[Provided material — start]

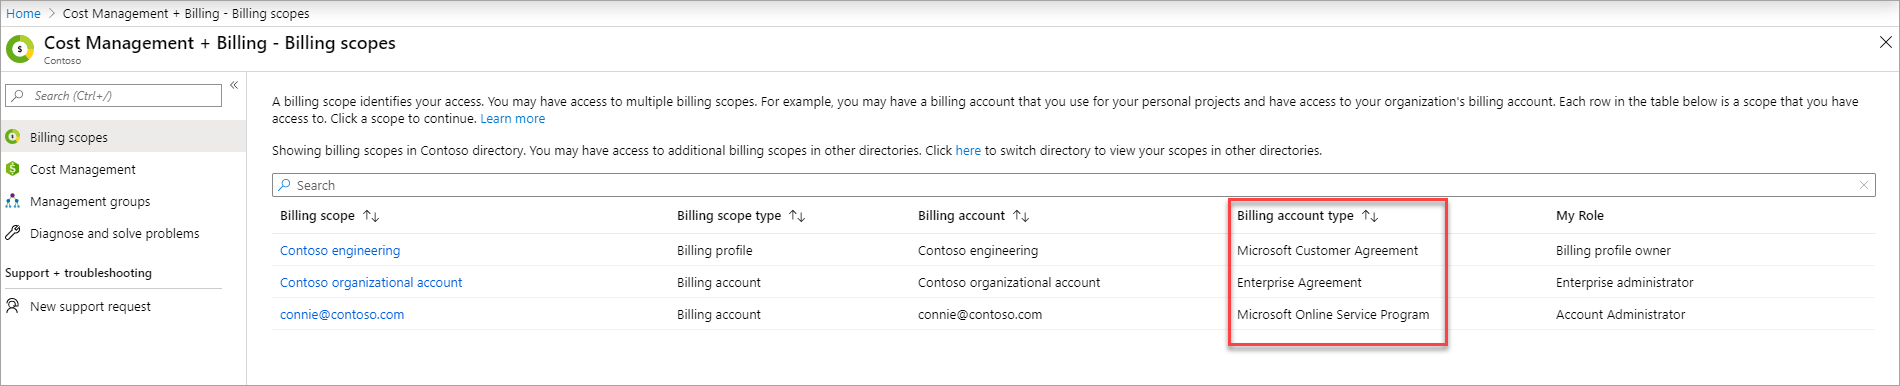 Screenshot that shows microsoft customer agreement in billing account list page.
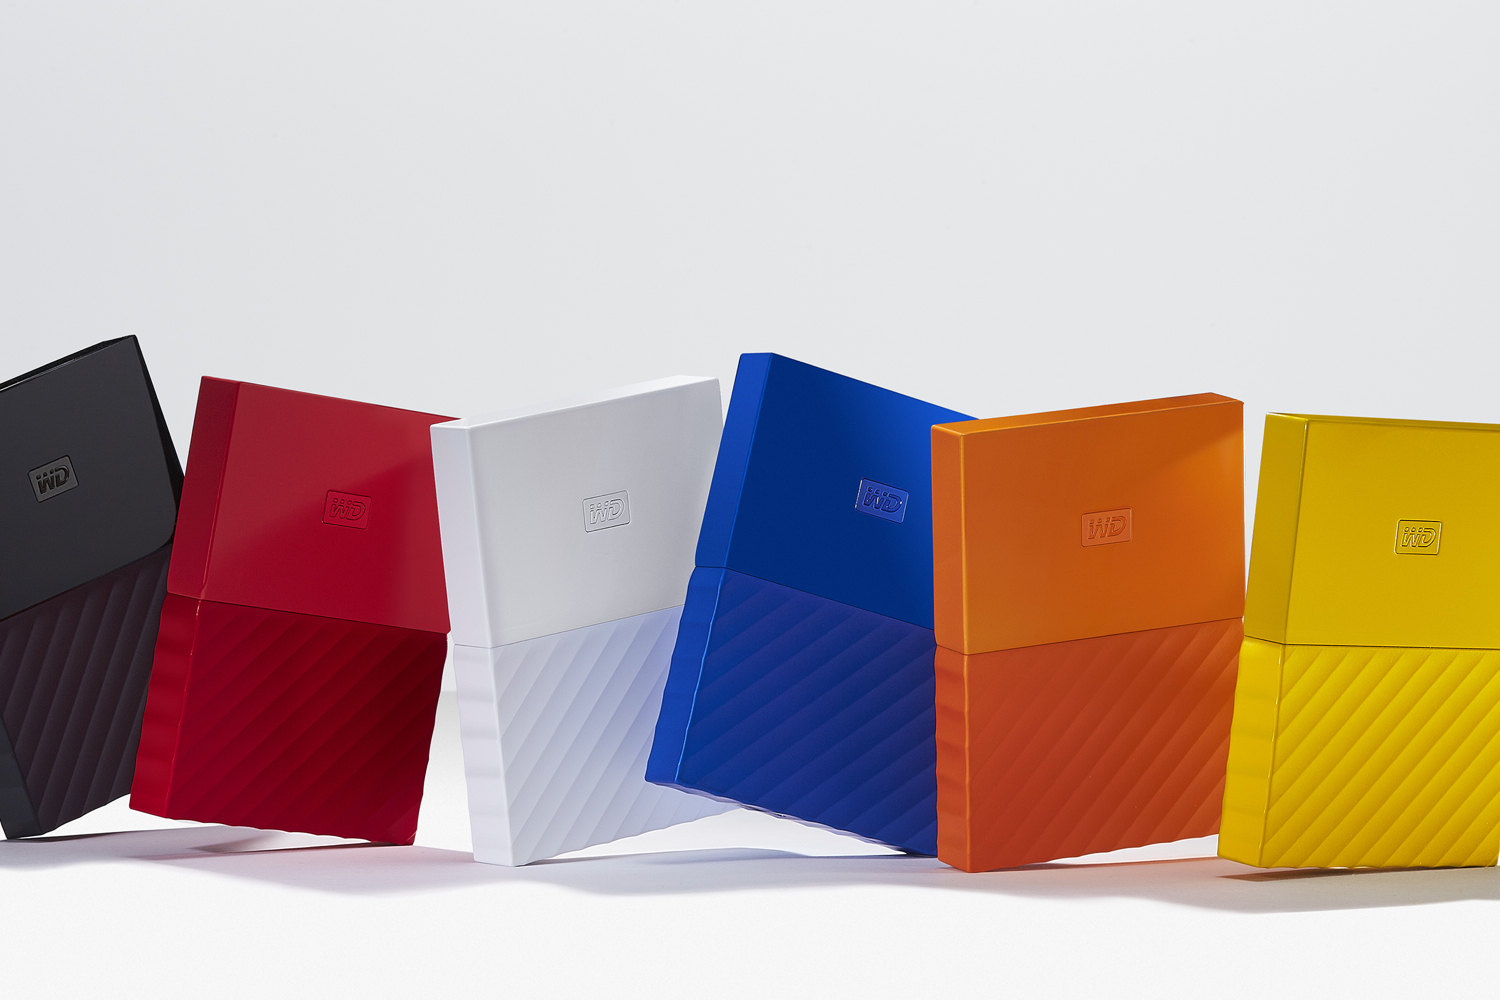 western digital releases redesigned portable hard drives wd my passport family hires
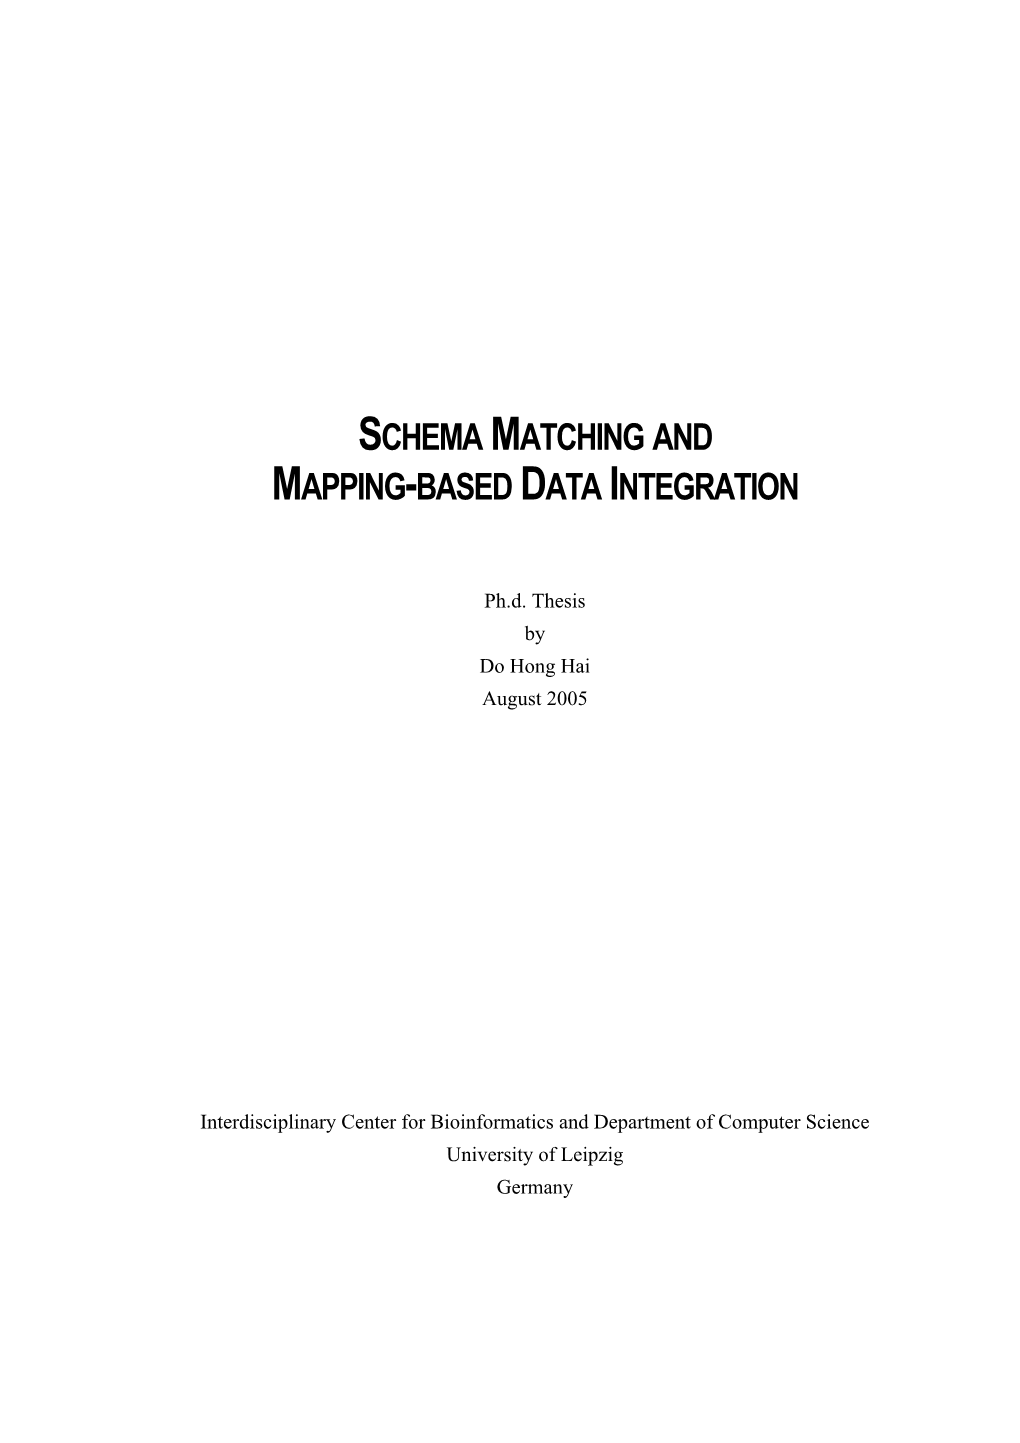 Schema Matching and Mapping-Based Data Integration

[Provided material — finish]

● **Aim of the task**: Please set down each line of the data above exactly as written, without the pictures.

● **Task result**:
 Screenshot that shows microsoft customer agreement in billing account list page.
 western digital releases redesigned portable hard drives wd my passport family hires
 Schema Matching and Mapping-Based Data Integration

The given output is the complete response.